Ripe but with Lower Sugars and Great Acids
Sorry for not ripping one of these Harvest Pages out before now, but to be honest, Harvest 2007 came visiting a bit earlier than expected. We began picking on Monday, September 24th, which is not abnormal for first harvest or second harvest fruit like we have this year from our new Wind Ridge Vineyard, but it didn’t stop there.
This year, because of fewer extremely warm periods during the growing season and cooler nights, we have greater physiological maturity at lower sugars, a condition that excites us, since the wine will show lower alcohol and higher acids. A balanced wine with great acid will be an ager.
But Mother Nature giveth and taketh away. A spurt of rain that can help balance vine chemistries just before final ripening has continued with only occasional drying and no real warming. We are getting satisfied with the concept of almost ripe fruit being better than fuzzy fruit–i.e., botrytised fruit. Flavors are good, the numbers are good and the waves of rain storms from the Alaskan Gulf are convincing.
For that reason, we will likely begin moving from 35% harvested today to 75% or more in the next 4-6 days. Fermentors are being encouraged to finish their first round and make ready for a new spate of fruit.

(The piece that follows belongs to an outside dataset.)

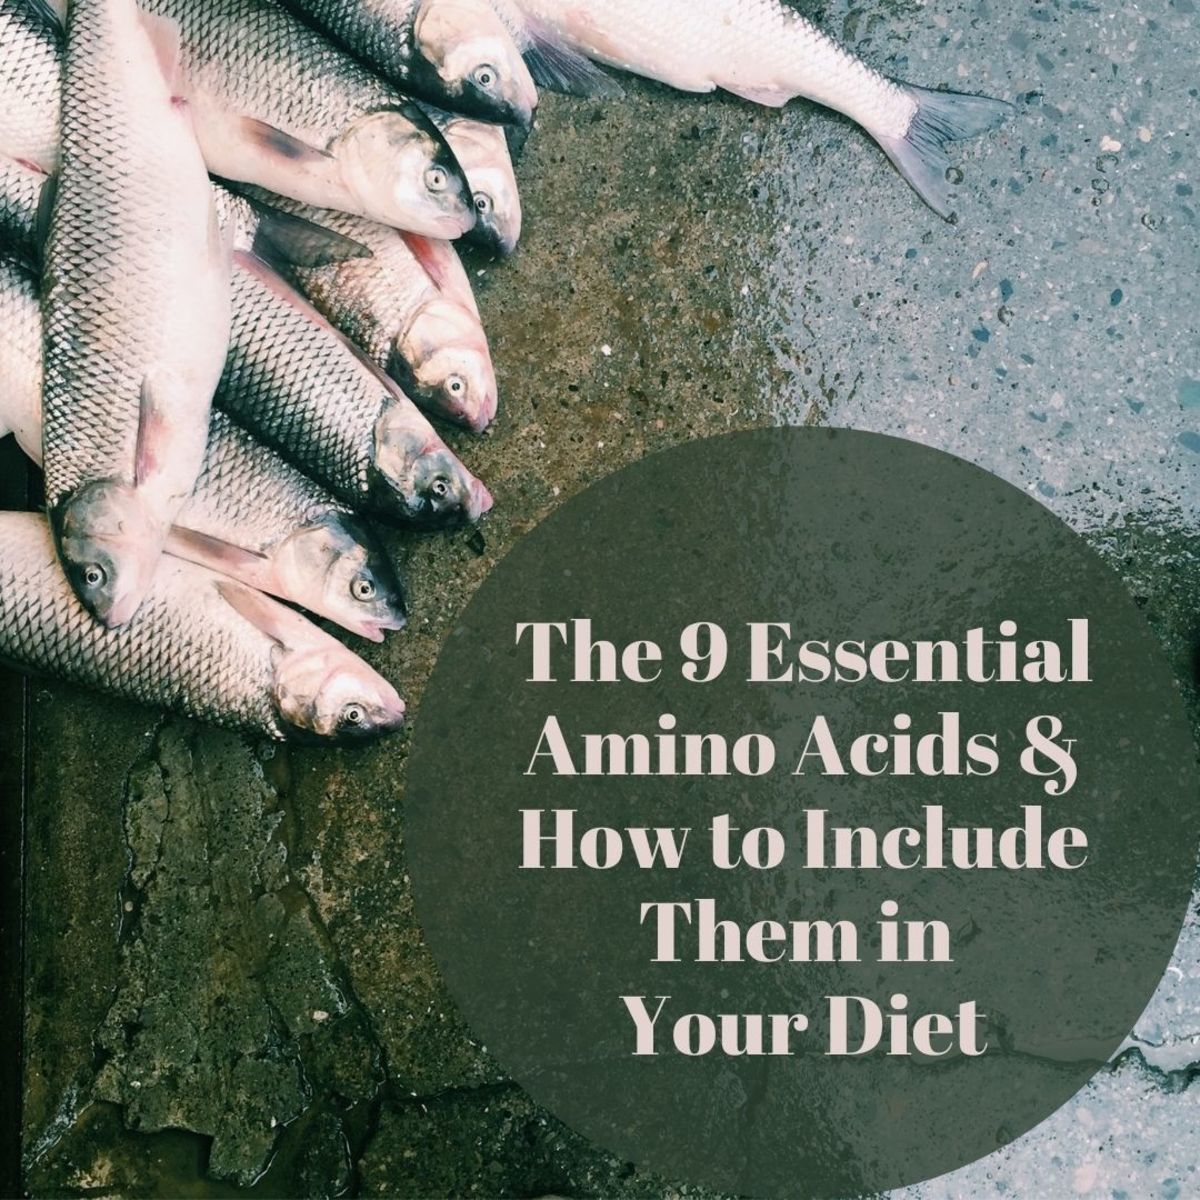 Read more about the 9 essential amino acids and how to incorporate them into your diet.

Fortunately, we opted for a larger winery harvest intern force, and one with credentials as good as we’ve seen, ever. From all corners of the world from Australia to New Zealand to Serbia to the US, it is a tightly knit crew full of vim, vigor and fun. We’ll introduce them in a later Harvest Page. With me hobbling, Mike and Brian are given floor control entirely, glad likely that I’m unable to make their lives dangerous from a forklift seat as in normal years. Daily harvest and fermentation decisions by Mike and me, coupled with reminiscences about the last similar year, 1997, organize the work from a winery table rather than the normal forklift.
So that this actually gets posted, I’ll ship this off into internet land.
“What was it like in the old days?,” some might ask. This is it. This Harvest is as much an old-style vintage as we’ve seen since, say, 1997. The rain has come early, earlier than we wanted in any volume both for inconvenience and for full ripening and potential disease. Everything we have harvested has not been negatively impacted by rain, but we still have 65% of our harvest hanging, so there is a chance of compromised fruit if clearing doesn’t occur relatively soon.
The normal rainfall in September in McMinnville is 1.37 inches. In 2007 they received 2.48 inches in September. Just in the last week (9/26-10/2) 2.62 inches have fallen. Forecasts show minor clearing, but over the next ten days moderate rain continues to the tune of 2-3 more inches.
We trust that it isn’t that intense, but just in case, we are preparing in the next five days to bring in the almost ripe remaining Pinot gris from Corral Creek and Ridgecrest, the remaining Stoller Chardonnay, plus begin bringing in the later ripening, but high quality Ridgecrest Pinot noir, of which there is 70 tons or more.
The growing season was moderate in temperature, some say cool, but in fact out of the last 11 years, 2007 is sixth warmest, or right in the middle of the ranked vintages.